| Balance Sheet and Cash Flow
ResMed currently holds a strong balance sheet with net cash of $446 million in 1Q11 versus $367 million at the end of FY10 and $254 million at the end of FY09. The company ended 1Q11 with cash and cash equivalents of $540 million compared with $488.8 million at the end of 4Q10 and $451.6 million at the end of 4Q09.
Cash flow from operations was $59 million in 1Q11 versus $59.0 million in 4Q10 and $53.5 million in 3Q10.
The company repurchased shares worth $17.9 million during the reported quarter and it has 13.8 million shares remaining under its current authorized buyback program.
Inventory turnover in days increased to 91.3 days in 1Q11 from 84.4 days in 4Q10. The first reason for the sequential increase in inventory is that of a return to normal levels. Secondly, the transition to S9 caused inventory to increase.
Singapore facility: Management commented during the 4Q10 earnings call that Singapore continues to progress extremely well. The facility now assembles flow generators, masks, motors, and will be able to manufacture masks within the next 12 months. ResMed expects this facility will eventually account for 25% of volume. Management does not plan to extend their manufacturing capabilities to other low-cost base countries (i.e. South-East Asia, China) as they want to maintain “quality levels”. Singapore also offers attractive savings on the tax line.
Competitive Bidding Update
Competitive bidding is the process whereby DME providers, the distributors of CPAP equipment, tender with the Centers for Medicare & Medicaid Services (CMS) for equipment reimbursement. The CMS Program Advisory and Oversight Committee (POAC) released its timeline for the Round 1 re-bid of Competitive bidding in June 2009. The implementation of the competitive bidding program for durable medical equipment prosthetics and orthotics (DMEPOS) was extended till January 2011. A 9.5% CMS reimbursement reduction to DME suppliers was applied in order to ‘pay’ for the delay in the competitive bidding program. Although this removed uncertainty, the 9.5% cut was higher than that estimated in the first two rounds of competitive bidding. Additionally, this 9.5% cut occurred at one time point, across the board to all regions in the US instead of the staggered cuts that could have been seen from competitive bidding. This implied an average price decline in RMD masks and devices of 5.2% in FY09/FY10 as opposed to the normalized 4% price declines per annum.

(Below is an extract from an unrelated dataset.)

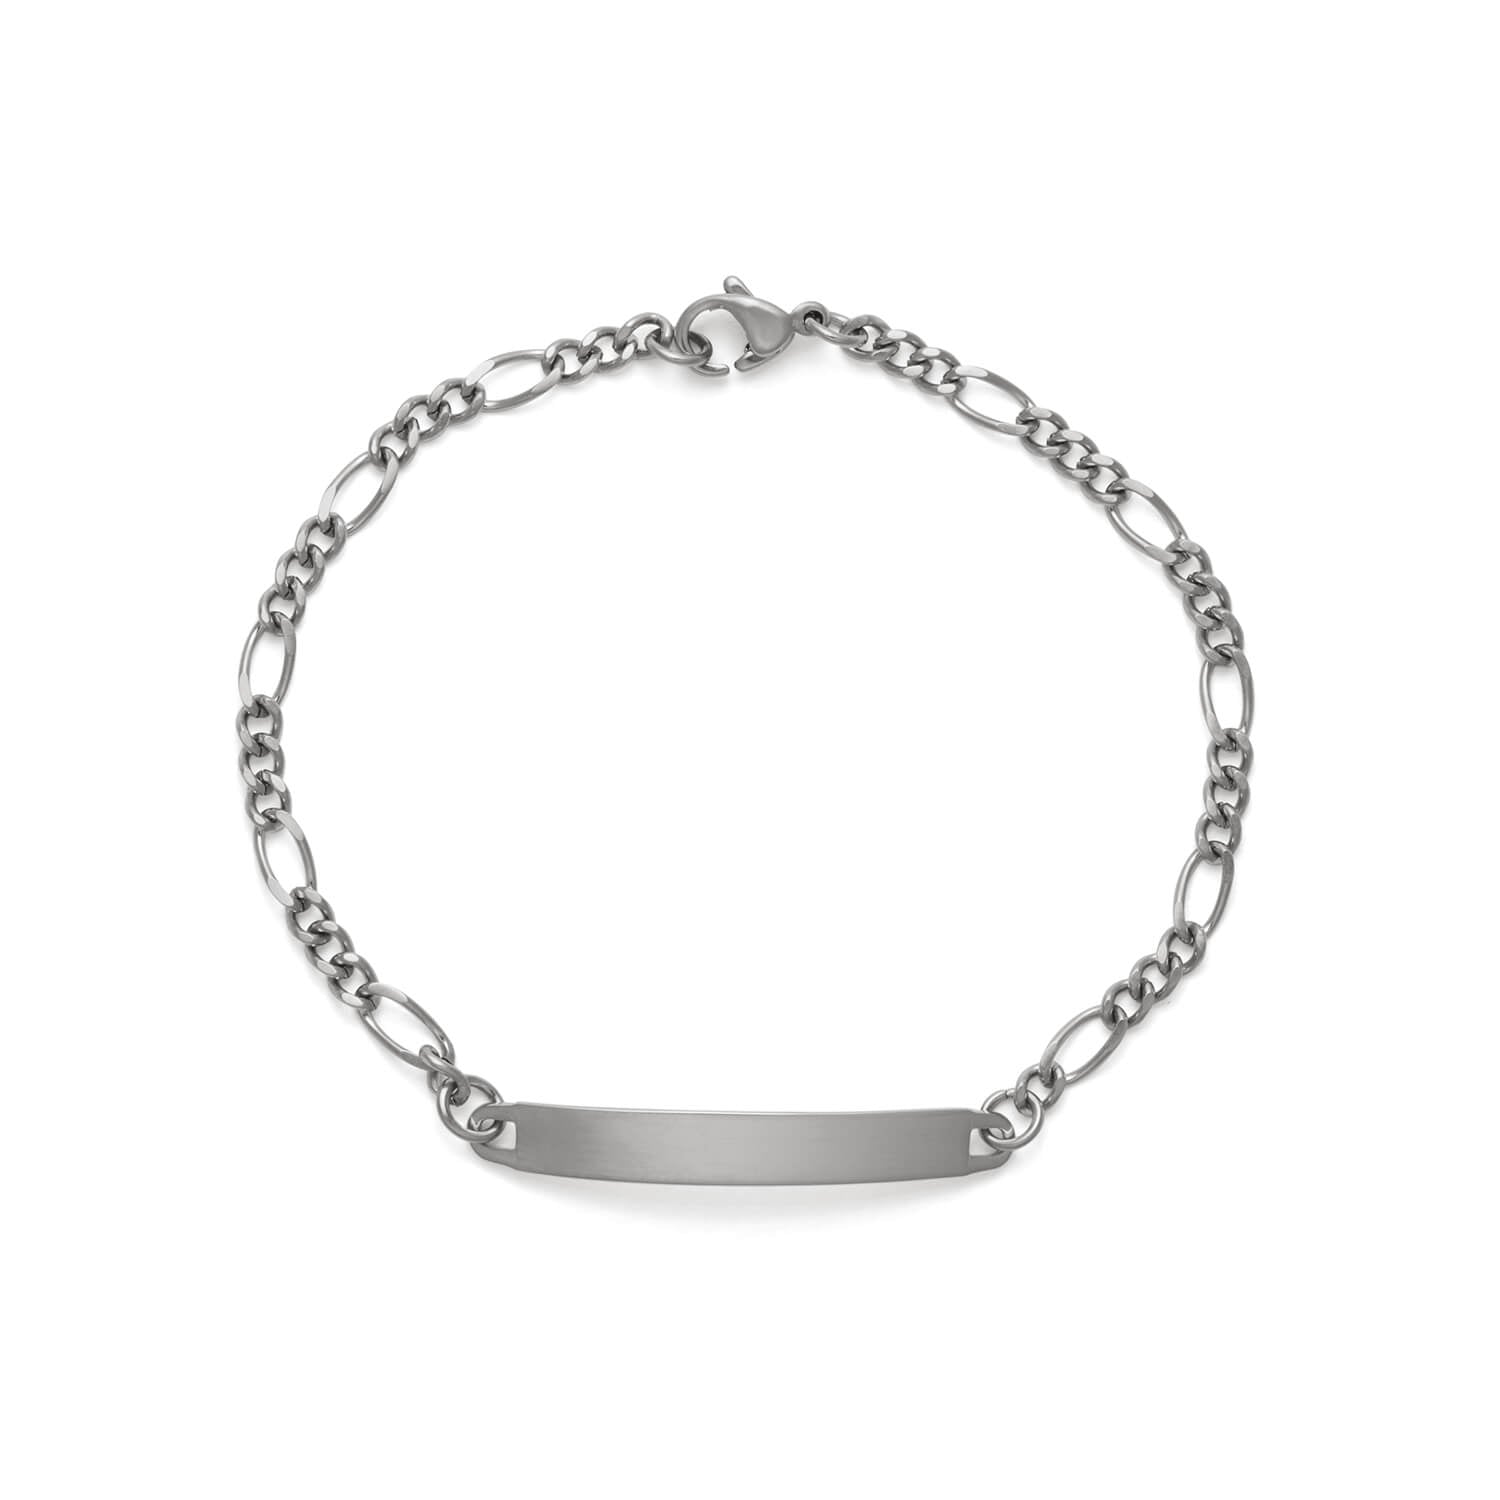 Buy American Diamond Silver Bracelet

In July 2010, the CMS completed the bid evaluation process and announced that average price reductions in Round 1 of the Competitive Bidding Program will be 32%. These price reductions will be implemented from January 2011.

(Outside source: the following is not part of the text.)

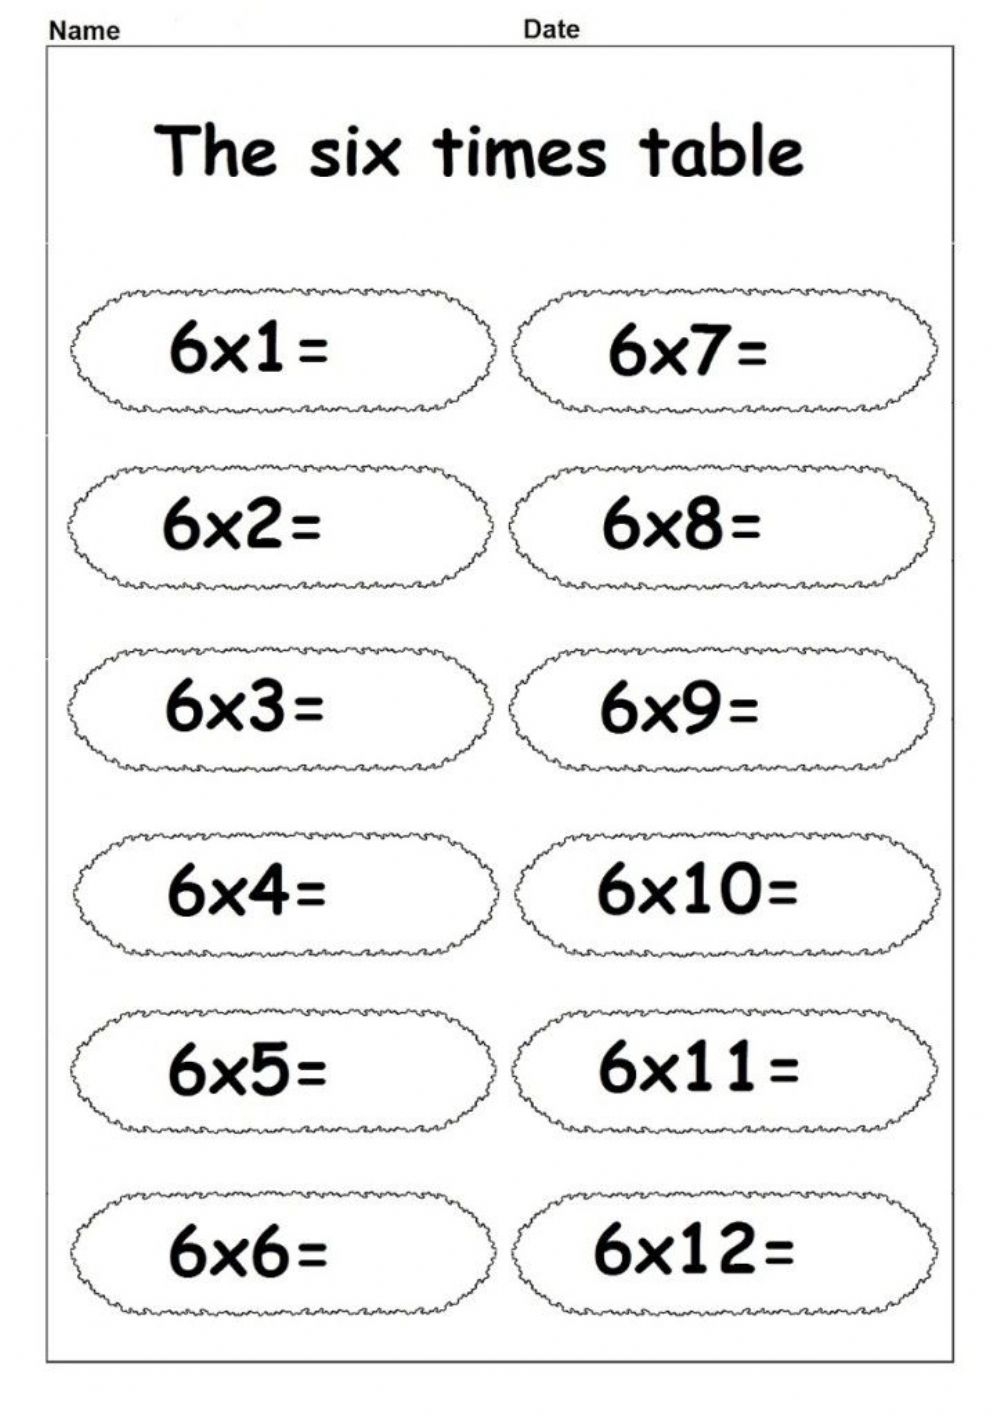 multiplication-worksheets-6-times-tables-printable-worksheets

Home Sleep Testing (HST) or Home Diagnosis
Centers for Medicare & Medicaid Services approved the use of home sleep testing in March 2008 to diagnose patients with sleep-disordered breathing using a Type II, III, or IV diagnostic device. This gives patients the choice to opt for diagnosis in their homes. The September 2008 publication of the European Society of Cardiology guidelines noted that patients with symptomatic heart failure frequently have sleep-related disorders (central or obstructive sleep apnea) and recommended the treatment of those patients with CPAP devices.
Home diagnosis will increase CPAP volumes. The development of home diagnosis could mean a change in relationships in the path to diagnosis. At present the CPAP manufacturers develop strong relationships with the sleep labs in order to influence the brand which doctors may choose to specify on the CPAP prescription. If a new business type were to emerge in order to service home diagnosis patients, volumes increase and prescriptions by nature would become more automated. The power over which brand of CPAP equipment to supply could then lie with the DME supplier instead of the sleep lab. This would in turn lead to further price competition amongst the CPAP manufacturers. In these scenarios, it becomes advantageous for a manufacturer to expand their product offering and ‘bundle’ product sales to DME suppliers.
Management noted that HST remains in the early stages, but private payor reimbursement progress (>80% of covered lives) continues to ramp. An analyst (MorganStanley) notes that on average, a sleep laboratory is reimbursed $1,400 to carry out a sleep test. Reimbursement for a home diagnostic test is only $140. Thus there is no real incentive for sleep labs to switch diagnostic methods. However, it believes this will provide a niche for a new business type to develop and service potential sleep apnea patients.
Overall, the analysts believe that this early sampling of diagnosing and treating patients will become increasingly common in the coming years, which should provide a dual benefit to the SDB market through increased patient flows and favorable mix shifts. With best-in-class auto setting generators, ResMed should be a primary beneficiary from this trend; time restrain or impact on growth rates is challenging. Thus, the analysts contend that, despite a lack of clarity on how the HST market will look, over time it should be a positive for ResMed and the entire industry, as it grants patients greater diagnostic access and may reduce healthcare costs.